Fixed Coronary Artery Stenosis in Tunneled Coronary Artery Identified by Intravascular Ultrasound: A Case Report

Yuxiang Dai, Chenguang Li, and Junbo Ge

Shanghai Institute of Cardiovascular Diseases, Zhongshan Hospital, Fudan University, Shanghai, China

Received 12 August 2014; Accepted 29 August 2014

Academic Editors: Marco Matteo Ciccone and Elia D. De Maria

Copyright © 2014 Yuxiang Dai et al. This is an open access article distributed under the Creative Commons Attribution License, which permits unrestricted use, distribution, and reproduction in any medium, provided the original work is properly cited.

Abstract

Myocardial bridging is characterized as the compression of a segment of the coronary artery during systole. Significant atherosclerosis within the bridge is almost never seen at pathologic examination because of the absence of synthetic type smooth muscle cells in the intima of the tunneled artery. To date, there have been no reports of significant atherosclerosis at the site of myocardial bridging documented by angiography or intravenous ultrasound. We report a rare case of fixed coronary artery stenosis at the site of myocardial bridging identified by intravascular ultrasound.

1. Introduction

Myocardial bridging is characterized as the presence of strands of myocardial fibers overlying the coronary arteries, which induces compression of a segment of the coronary artery during systole [1,2,3]. This part of the vessel is called mural coronary artery or tunneled coronary artery, while the myocardial fiber overlying is called myocardial bridge [4,5]. The incidence of myocardial bridging observed in angiography (1.5–16%) is far less than that observed in autopsies and noninvasive imaging studies using coronary computed tomography (40–80%) [3,4,6]. It is currently thought that the muscle bridge must be at least 20 mm in length and 5 mm in depth to be significant and capable of compressing a coronary artery [4,6]. Myocardial bridging is thought to be a normal anatomic variant of coronary artery and has been considered as a benign condition; however, severe constriction of a bridged coronary artery occuring in asystole may cause myocardial ischemia or sudden death [6,7,8].

F1
Figure 1: Coronary angiograms show dynamic compression (arrow) of the mid segment of the LAD during A) systole and B) diastole before stenting and C) systole and D) diastole after stenting.
F2
Figure 2: Coronary angiograms of left coronary A) before and B) after stenting.
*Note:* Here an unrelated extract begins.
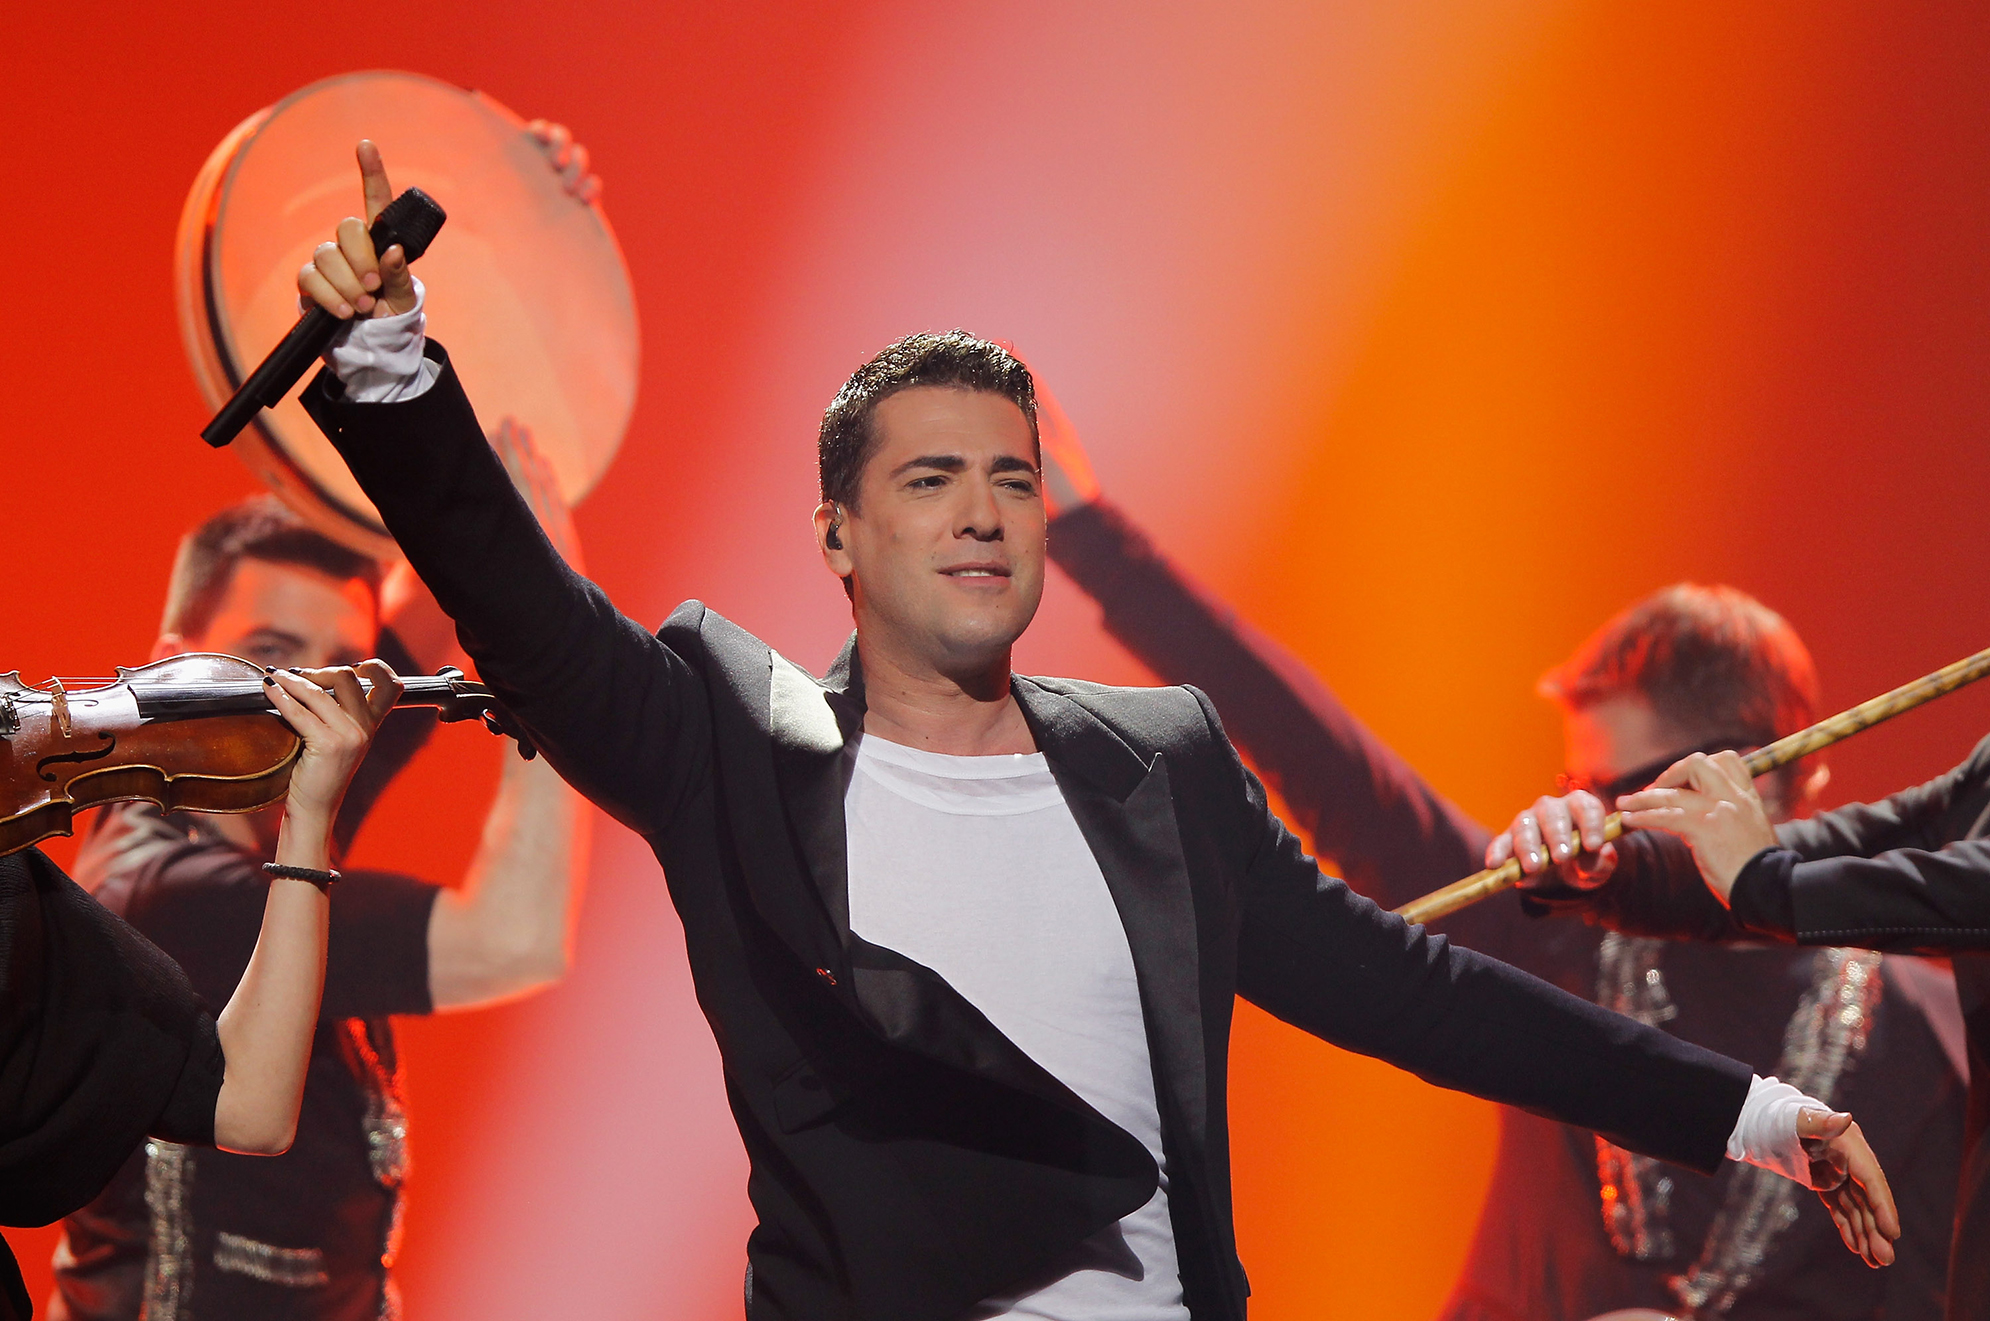 Montenegro: Željko Joksimović to compose the entry for Eurovision

Significant atherosclerosis within the bridge is almost never seen at pathologic examination because of the absence of synthetic type smooth muscle cells in the intima of the tunneled artery [9,10]. To date, there have been no reports of significant atherosclerosis at the site of myocardial bridging documented by angiography or intravenous ultrasound. We report a rare case of fixed coronary artery stenosis at the site of myocardial bridging identified by intravascular ultrasound.

F3
Figure 3: IVUS images of the atherosclerotic plaque informed at the site of myocardial bridging A) systole and B) diastole before stenting and C) systole and D) diastole after stenting. A “half-moon”–like area surrounding the tunneled segment is present during the entire cardiac cycle.
F4
Figure 4: The follow up of coronary CTA showed no restenosis A) and B), no late lumen loss in LAD C) and LCX D).

2. Case Report

A 36-year-old male, with a history of hypertension, dyslipidemia, and smoking, presented with a history of chest pain on exertion class II of half a year duration. Electrocardiogram (ECG) at admission showed negative T waves in leads I-AVL and V5–V6. Transthoracic echocardiography revealed normal LV function. Baseline biochemistry and hematological tests were normal. Coronary angiography (Figure 1 and 2) was done which revealed significant double-vessel disease, with distal 50% stenosis in left main (LM), long lesion in proximal-mid left anterior descending (LAD) with 95% stenosis and a mid-muscle bridge causing 30% systolic compression, ostial 90% stenosis in the first diagonal branch (D1), proximal 80% stenosis in dominant left circumflex (LCX) and a normal, relative small right coronary artery (RCA).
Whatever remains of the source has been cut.